Na da bin ich ja nach div. organisatorischen Mängeln noch ganz gut
weggekommen..;-)

Morgen wird wieder gefahren, was soll man auch sonst bei dem
Spitzenwetter machen.
Treff um 10:00 am Startpunkt Süd.
Diesmal stehen die Chancen gut, dass ich es auch pünktlich schaffe - das
Starterelais ist repariert.
Gefahren wird, wo es schön ist.
Fotoapparat mitbringen, es wird verstärkt fotografiert (also noch mehr
als sonst)

Achim/ Falco

Doch noch ein Bericht zum 28.09.2014

Einmal ein anderer Beginn: Erst ein längerer Plausch, bevor unser Vorausfahrer nach saftloser Batterie und verlorenem Saft für sein Navi schließlich seine „Arbeit“ aufnehmen und vier Nachfahrer ihm folgen konnten.

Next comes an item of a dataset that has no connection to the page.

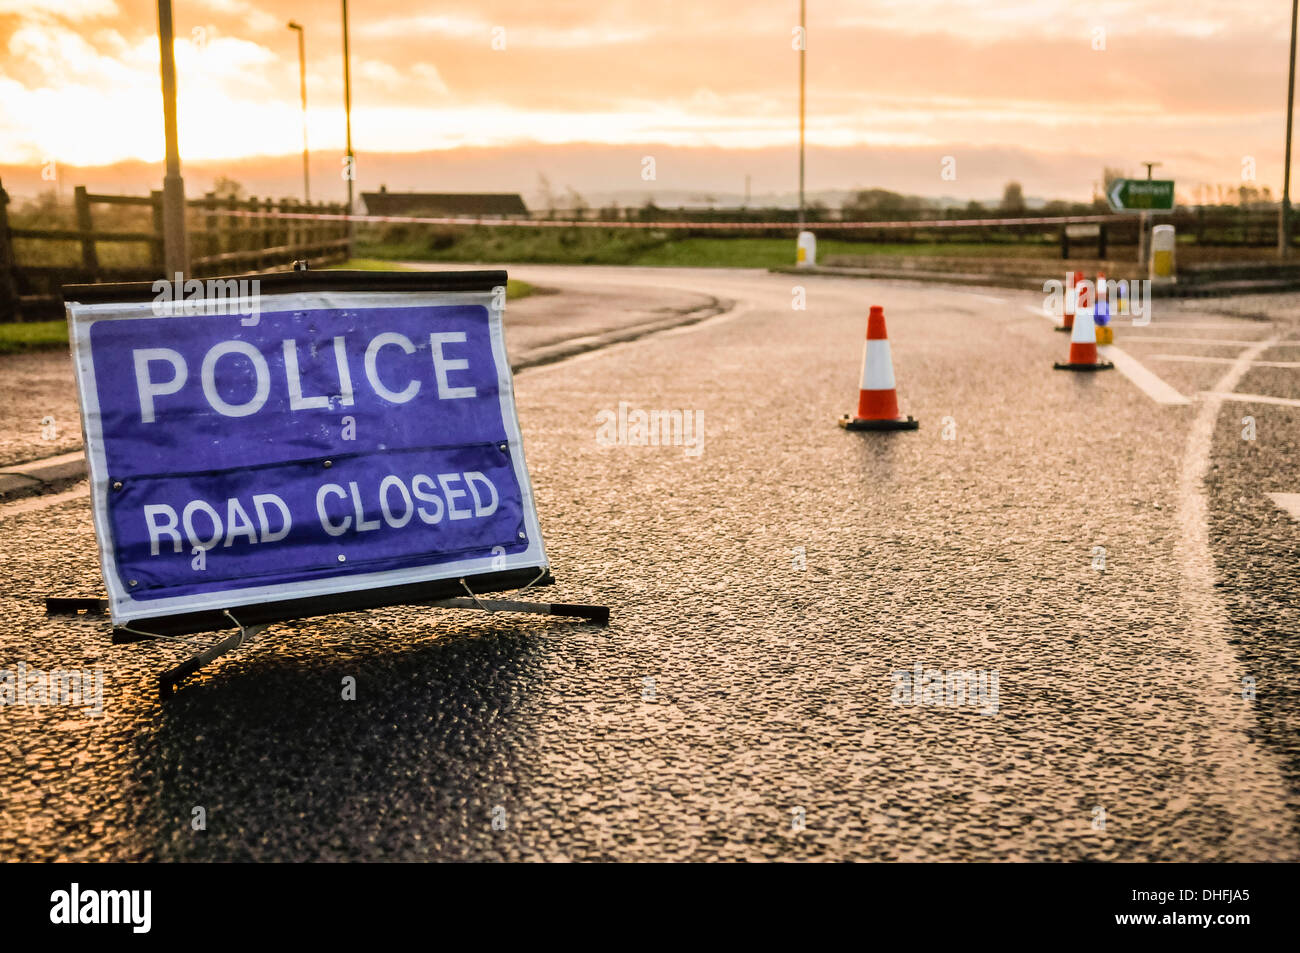 Police road closed sign and traffic cones seal off a road following an incident Stock Photo

In bekannt zügiger Fahrt ging es erst ein Stück nach Süden und dann nach Westen über Beelitz und Brück. An der Cammer Mühle legten wir spontan einen Stop ein und halfen, die inzwischen restaurierte Mühle gemeinsam in den – kaum vorhandenen – Wind zu drehen. Anschließend konnten wir die Mühle besichtigen und viele Erläuterungen erhalten, bevor Achim wegen des Terminplans zur Weiterfahrt drängte.
Ohne weiteren Halt ging es dann über (u.a.) Golzow, Ragösen, Groß Briesen, Gräben, Ziesar, Klein Lübars, Möckern, Gommern, Schönebeck nach Staßfurt. Nach einer Ehrenrunde durch den Ort erreichten wir schließlich das dortige Dampflokfest. Nach einer Stärkung waren wir fit für die Besichtigung. Es ist doch immer wieder beeindruckend, die (großen) Dampfloks unter Dampf und in Aktion zu sehen und zu erkennen, wie die
Maschinen ihre Arbeit verrichten – anders als bei den modernen E- u. Dieselloks. Die früheren Arbeitsbelastungen interessieren bei solchen Besuchen ja nicht.

Auch wenn das Wetter schön und warm und wieder viel zu besichtigen war, so veranlasste uns der Blick auf die Uhr doch zur (rechtzeitigen) Abfahrt.

Mit nur einem Halt an der Fähre Barby ging es zurück über Güterglück, Zerbst, Garitz, Krakau, Serno, Göritz, Jeserig, Grubo, Treuenbrietzen, Zülichendorf, Dobbrikow... nach Berlin. Nach 410 km war damit eine schöne Rausfahrt beendet. Ein Dankeschön an Achim.

H.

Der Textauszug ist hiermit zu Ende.